The liberal argument allows to support a few violations from the canonical GFF3 format. The current list of violations is:

  • CDS features may lack a phase.

The list of supported violations may change in the future between minor versions of EggLib. It is recommended to use liberal=True only for exploratory analyses. Otherwise, it is better to fix the original file so that it complies with the format.

New in version 3.0.0.

feature_iter(seqid, start, end, feat_type=None)

Return an iterator over features, returned as GFF3Feature instances. Only top features complying with arguments are considered.

Parameters:
  • seqid – seqid identifier (only features associated with this seqid are yielded.
  • start – start position on the considered seqid (only features whose start position is >= this value are yielded).
  • end – end position on the considered seqid (only features whose end position is <= this value are yielded. One can use None to process features until the end of the seqid.
  • feat_type – process only features whose type is equal to this value. By default, process all features within range.

If seqid is not valid for this data file, raise a ValueError.

metadata

Metadata of the imported file (information present in the file header). Metadata are available as a list of (key, value) tuple() ‘s. It is not possible to replace the list by another object, but it is allowed to modify the returned object.

num_top_features

Number of features that are directly accessible (that is, those who don’t have a parent).

num_tot_features

Total number of features of the input file, included lower-level features and features that have not been indexed, if any.

seqid

All seqid values present in the imported file, as a frozenset instance.

types

Number of top features of each of the encountered types. This does not include lower-level features (that is, those who have a parent). Value is a dict (there is no good reaon to modify it).

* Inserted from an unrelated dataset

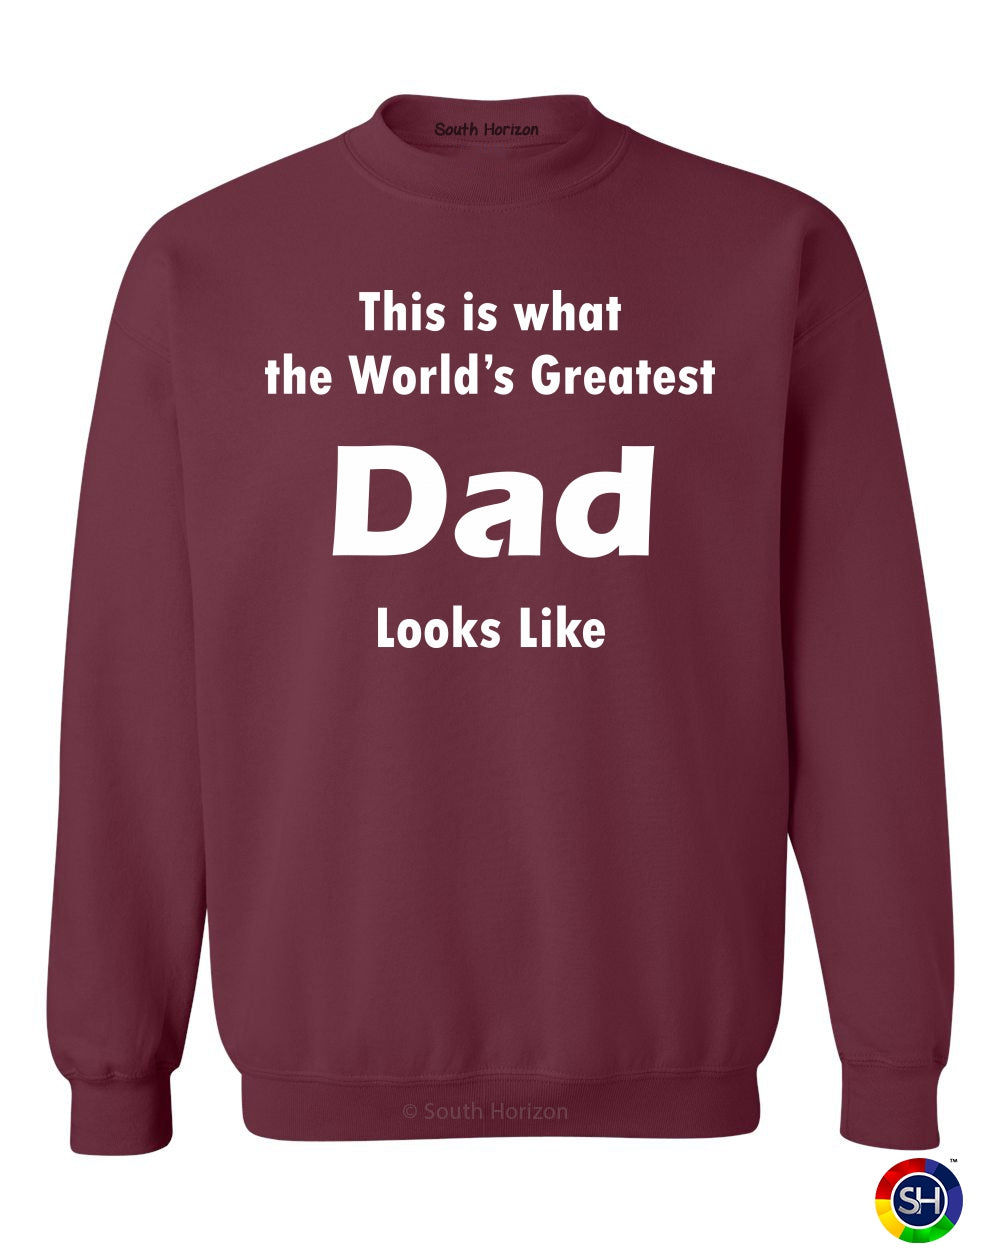 This is what the World's Greatest Dad Looks Like on SweatShirt (#490-11)
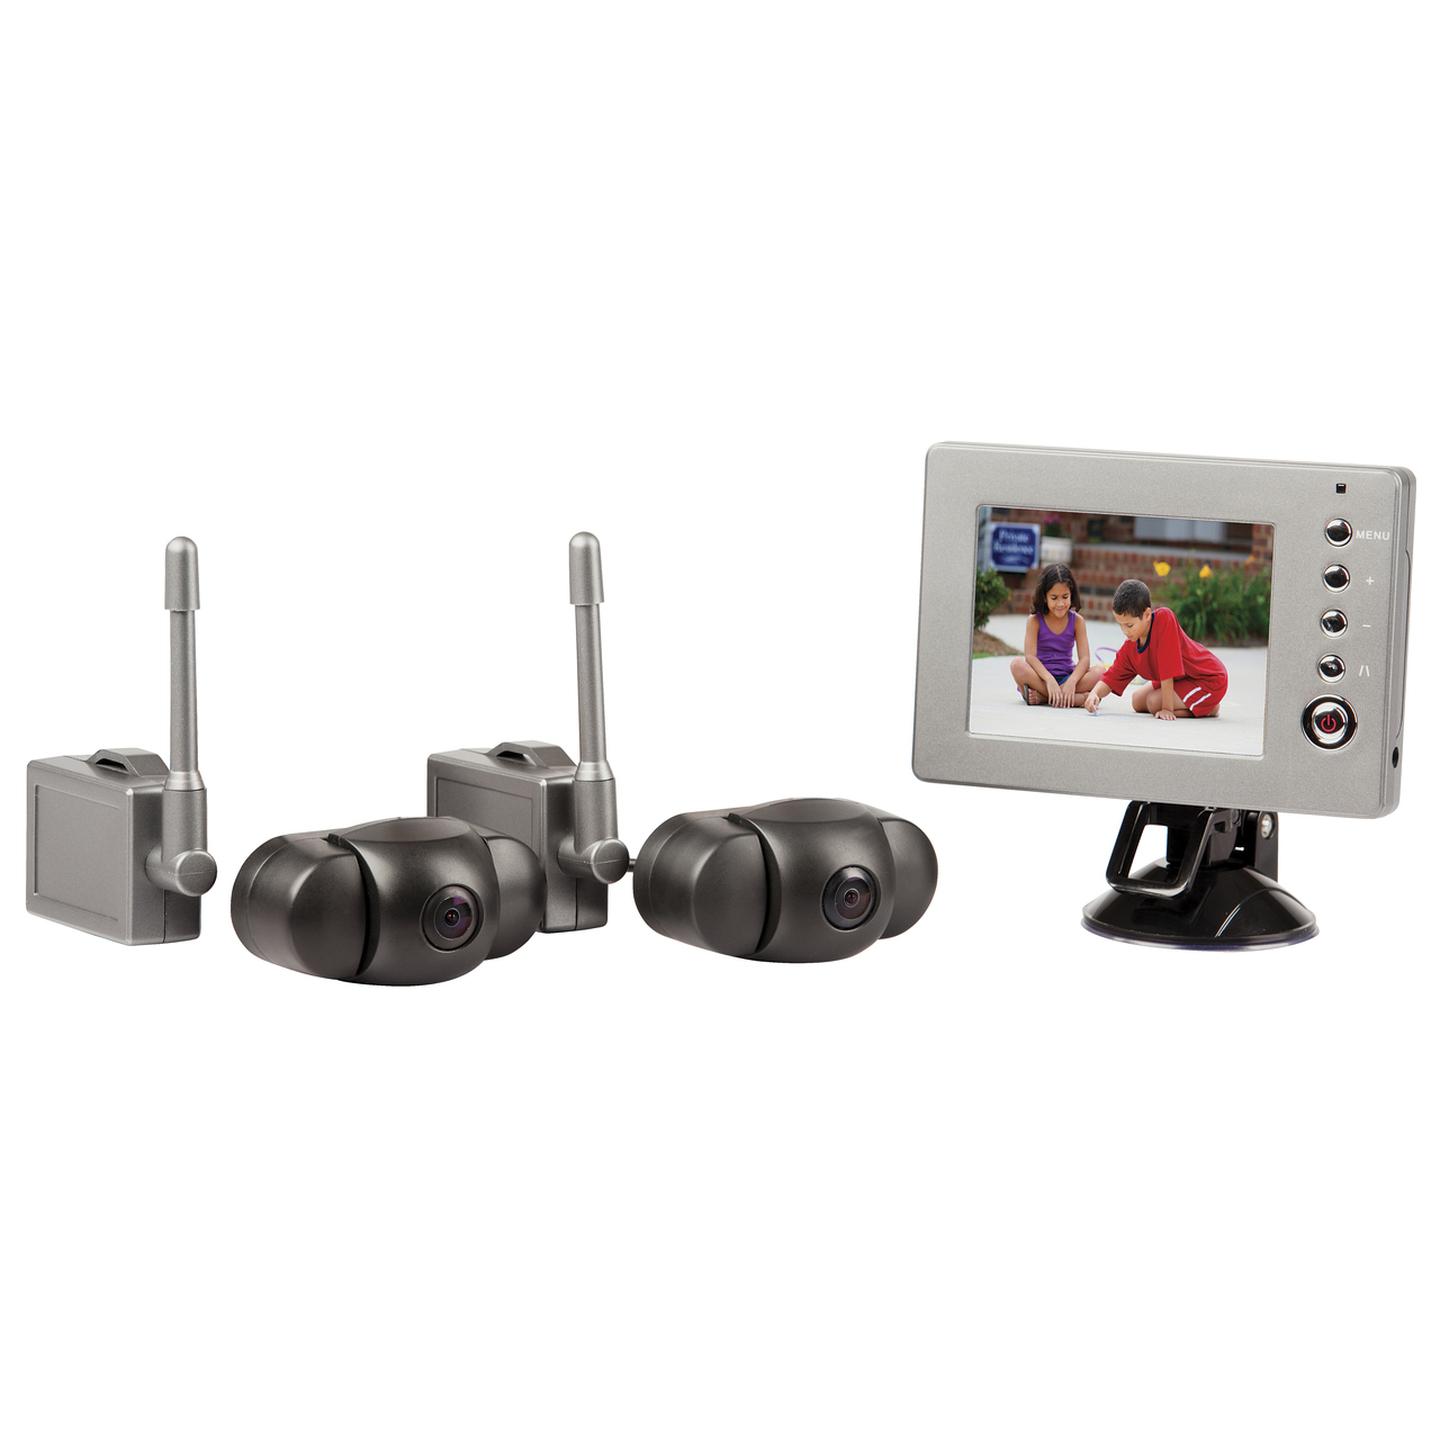 Wireless 2.4GHz Reversing Cameras and LCD Monitor Kit - 2 Cameras

class egglib.io.GFF3Feature

Provide information related to a given feature. Currently, instances cannot be created by the user and are read-only. Data are available as read-only properties; some of these are lists and can be modified but it does not make any sense to do so.

ID

Value of the ID attribute, or None if this attribute was not defined.

aliases

List of Alias attributes.

attributes

List of non-predefined attributes, as (key, items) tuples, where items is itself a list.

dbxref

List of Dbxref attributes.

derives_from

Value of the Derives_from attribute, or None if this attribute was not defined.

end

End position.

gap

Value of the Gap attribute, or None if this attribute was not defined.

get_parent(idx)

Get a parent, as a GFF3Feature instance. The index should be within range.

get_part(idx)

Get a part (descending feature), as a GFF3Feature instance. The index should be within range.

is_circular

Value of the Is_circular attribute, as a boolean.

name

Value of the Name attribute, or None if this attribute was not defined.

notes

List of Note attributes.

num_fragments

Number of fragments.

num_parents

Number of parents.

num_parts

Number of parts (descending features).

ontology_terms

List of Ontology_term attributes.

phase

Value of the Phase attribute. Possible values are: 0, 1, 2 and None (if undefined).

positions

List of start/end positions of all fragments.

score

Value of the Score attribute, or None if this attribute was not defined.

seqid

Value of seqid for this feature.

source

Source of this feature.

start

Start position.

target

Value of The Target attribute, or None if this attribute was not defined. The target value is no processed and is provided as a single string.

type

Type of this feature.

VCF format

class egglib.io.VcfParser(fname, allow_X=False, allow_gap=False)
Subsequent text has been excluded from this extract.